### STUDY MATERIAL:
----------------

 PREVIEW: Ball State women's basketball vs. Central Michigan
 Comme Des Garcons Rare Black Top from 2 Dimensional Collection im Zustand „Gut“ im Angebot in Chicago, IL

----------------

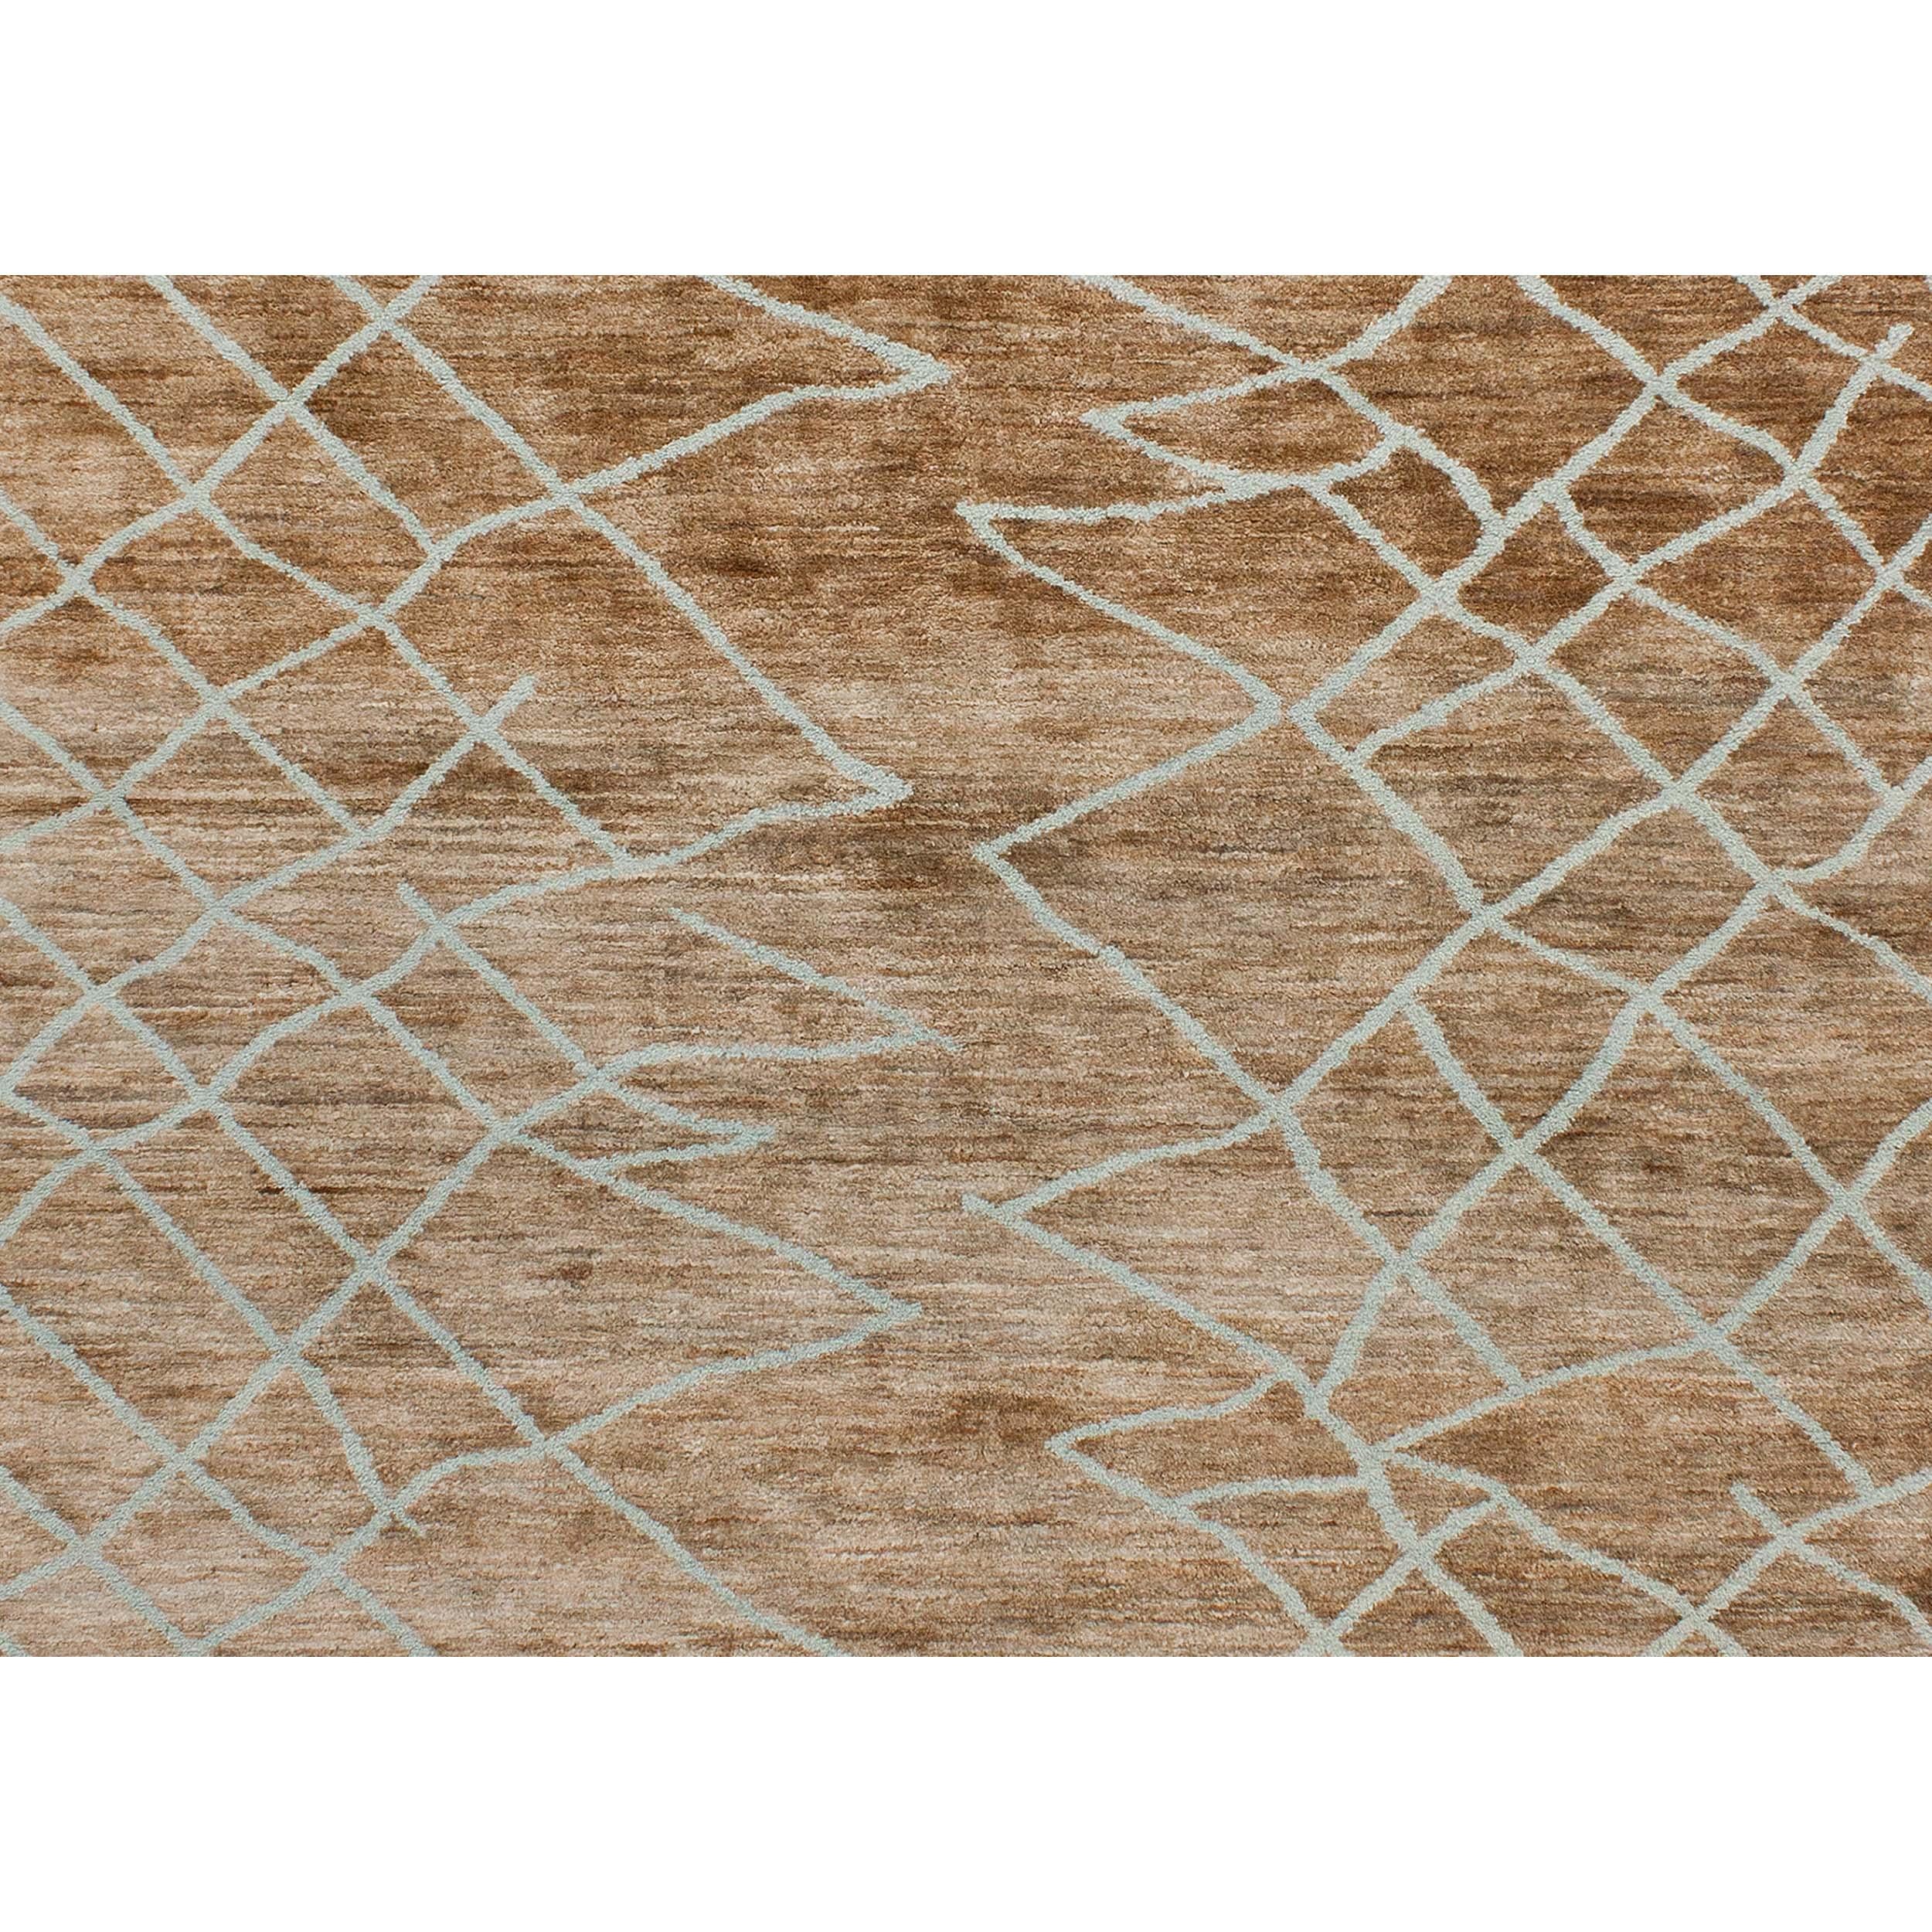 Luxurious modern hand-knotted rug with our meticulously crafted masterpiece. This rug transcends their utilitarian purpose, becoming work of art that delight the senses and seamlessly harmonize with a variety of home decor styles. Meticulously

----------------

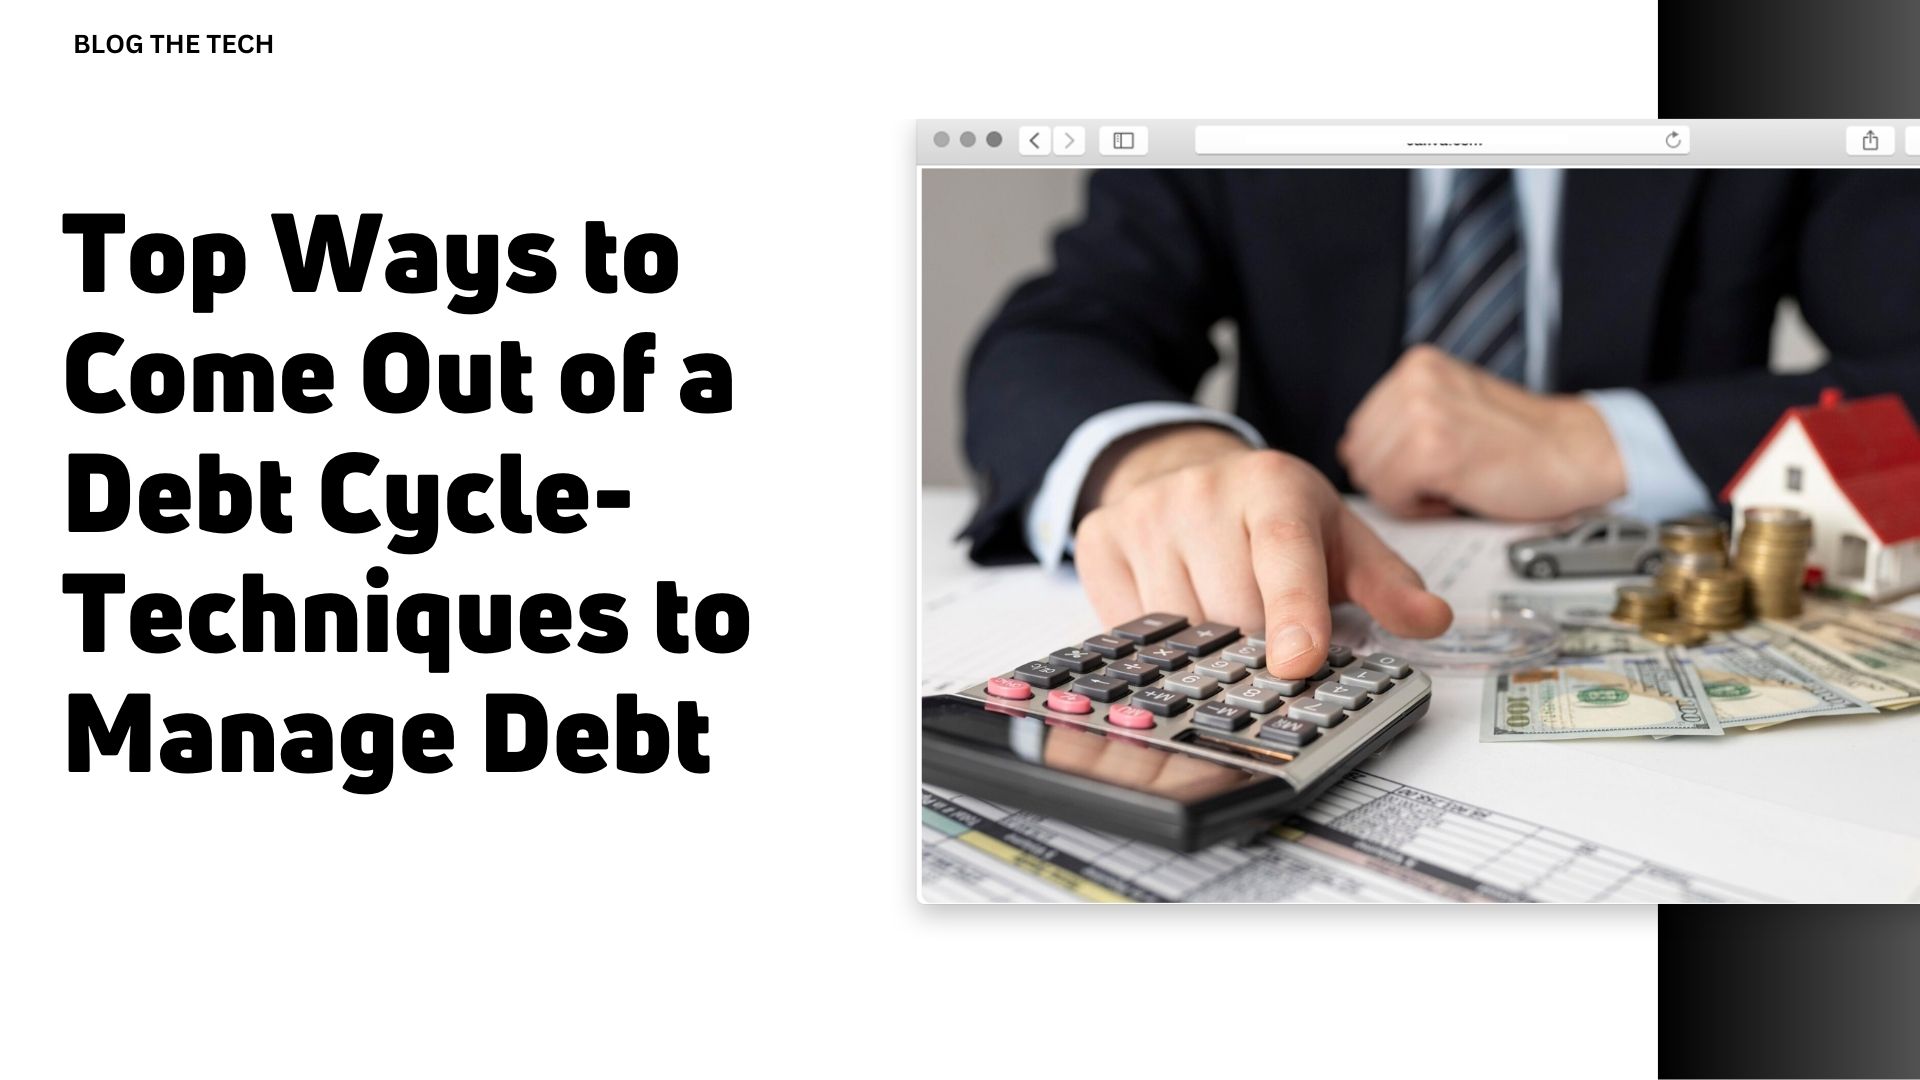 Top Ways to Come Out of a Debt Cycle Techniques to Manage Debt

----------------

### TASK PROMPT:
Word for word, restate the lines of the listing above starting at the line with "PREVIEW: Ball State" and ending at the line with "Comme Des Garcons", and nothing outside them.

### THE COMPLETED TASK:
 PREVIEW: Ball State women's basketball vs. Central Michigan
 Comme Des Garcons Rare Black Top from 2 Dimensional Collection im Zustand „Gut“ im Angebot in Chicago, IL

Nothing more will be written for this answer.